EI: Sustainability was the theme of the recent 25th Annual Alltech International Animal Health and Nutrition Symposium. How do you envision that U.S. egg producers can contribute to the goal of enhanced sustainability?
TPL: Any industry or sector of that industry must look to the future. To be sustainable we have to not only adapt the latest technology but we have to produce something that is acceptable to the consumer.
EI: How does this apply to the egg industry?
TPL: The American Egg Board and the UEP have done a great job of promoting the benefits of eggs. Now we have to look to other applications. We need to do more to expand the use of eggs, develop new applications for enriched eggs which include selenium, folic acid, vitamin D and other nutrients in shell and derived products. Promotion should be supported by appropriate information and educational programs.
EI: Production efficiency and profitability can be enhanced by application of technology. What do you regard as recent noteworthy contributions to improve performance?
TPL: The gene chip is outstanding in this regard and represents a paradigm shift in our understanding of nutrition. We will redefine nutrition of the layer, broiler, and turkey by identifying the genetic control of metabolic pathways. The second opportunity area for Alltech is the use of cellulose as a raw material. We have committed considerable resources to this area and we have sponsored five doctoral-level programs in 2008 alone. We are also looking at reduction of greenhouse gases. Parallel developments in sustainability might include the use of solar panels and linking production of methane with appropriate waste handling systems that could produce energy.
EI: Your company has invested heavily in R and D and has sponsored extramural studies in a number of academic institutions. Are these endeavors producing a return commensurate with the effort and expenditure involved?

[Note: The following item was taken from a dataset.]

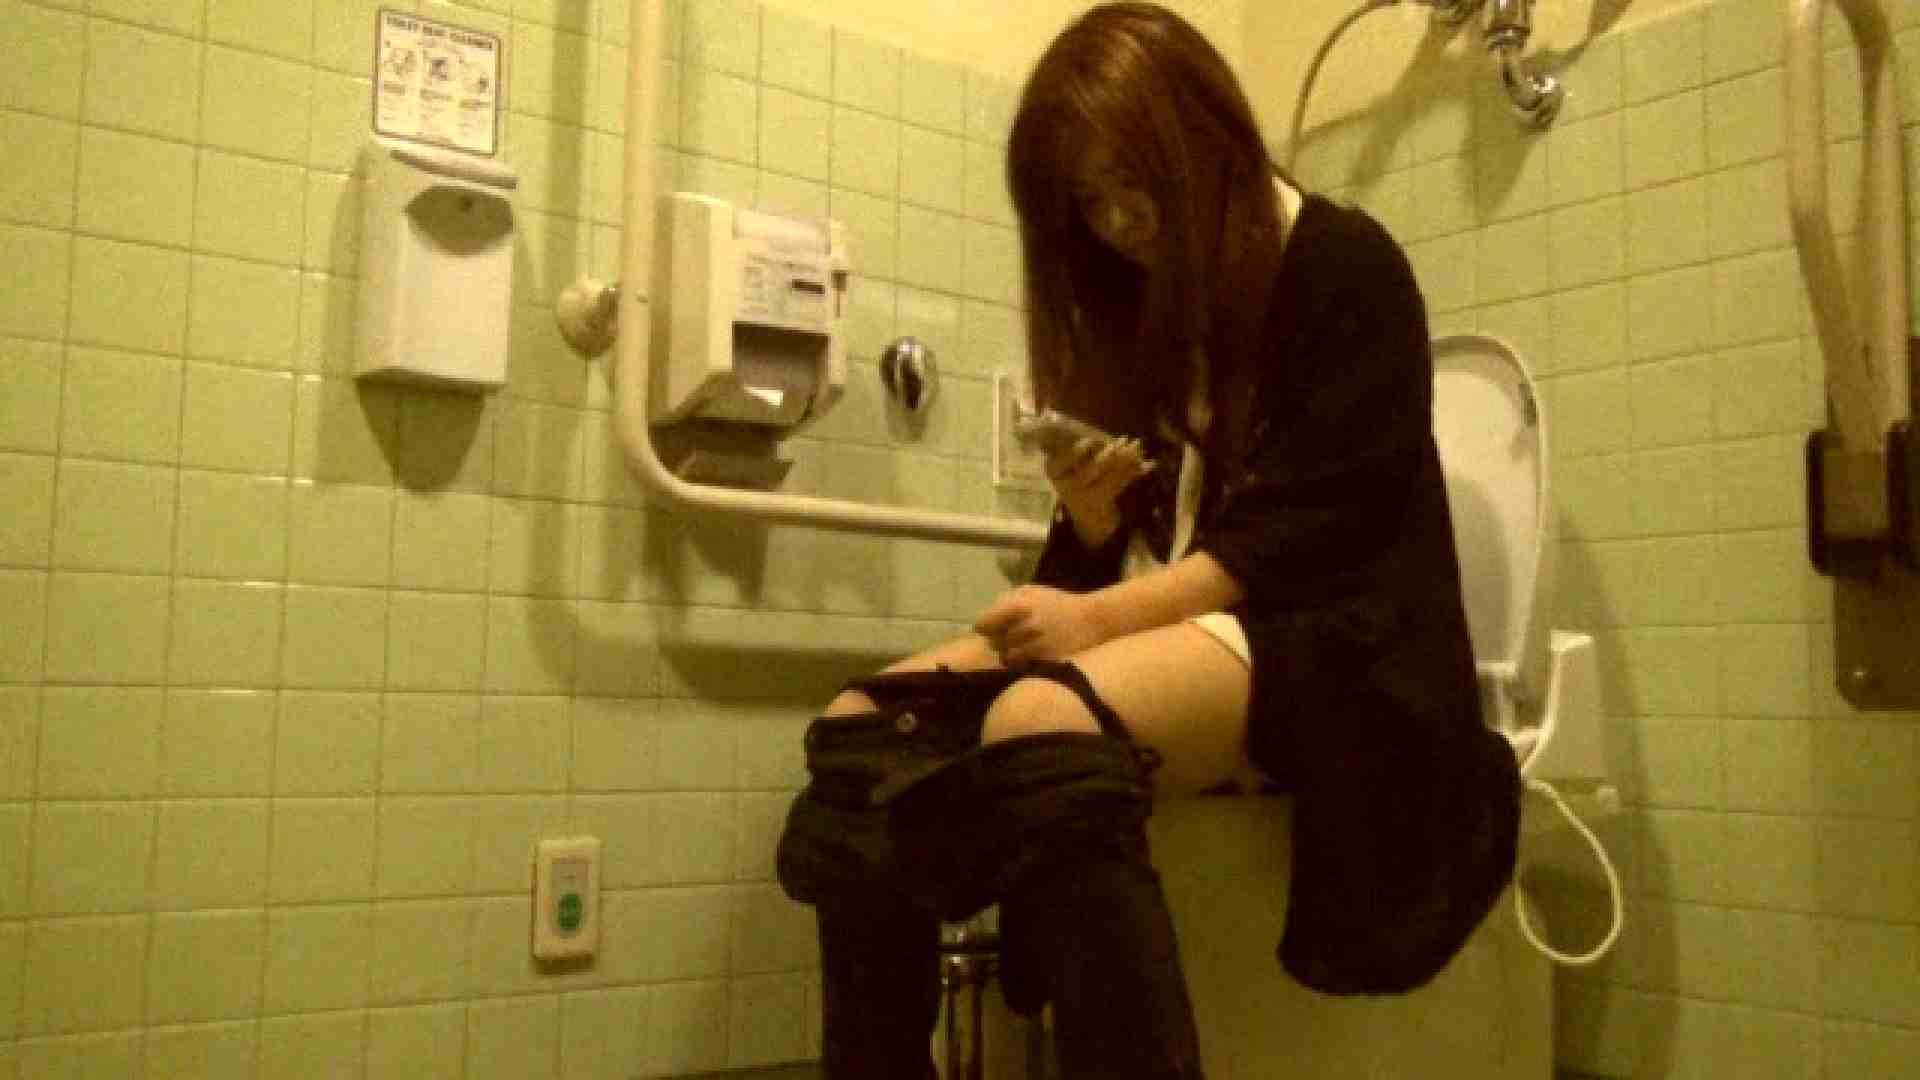 魔術師の お・も・て・な・し vol.26 19歳のバーの店員さんの洗面所をしばし… 洗面所  60枚 47

TPL: Teaching and training in academic institutions must be supported by industry. However, bureaucratic restraints and the view that these institutions must now be financially self-sufficient are changing the way industry interacts with universities. We have encountered a lack of urgency and increasing obstacles imposed by university administrators. This has stimulated a greater reliance on internal R and D and research conducted by contract facilities.
EI: As the president and principal shareholder in your company, you have the capability to apply earnings to civic, cultural and educational projects. Would you outline the scope and anticipated benefit from these “social dividends”?
TPL: It’s less a question of social dividends and more a question of doing what is right. What was right a thousand years ago is still right in 2009. People and companies have a social responsibility to give back to the society in which they live. We have to extend a lending hand and provide encouragement to those who are less fortunate. For example, we are currently running a program in Ireland to raise money to build orphanages in South Africa. Social involvement requires responses to the HIV crisis, the tsunami recovery efforts in SE Asia or even Hurricane Katrina in our own nation. Social involvement includes encouraging science education. We continue to support science programs at the elementary, middle and high school levels in addition to universities. This social involvement on one hand helps society but on the other creates a sense of teamwork within the Alltech community. At our recent Symposium we reviewed letters from young scientists, including undergraduates who attended programs sponsored by Alltech. They talked about it being a life-changing experience. This type of response is sufficient reward for doing the right thing.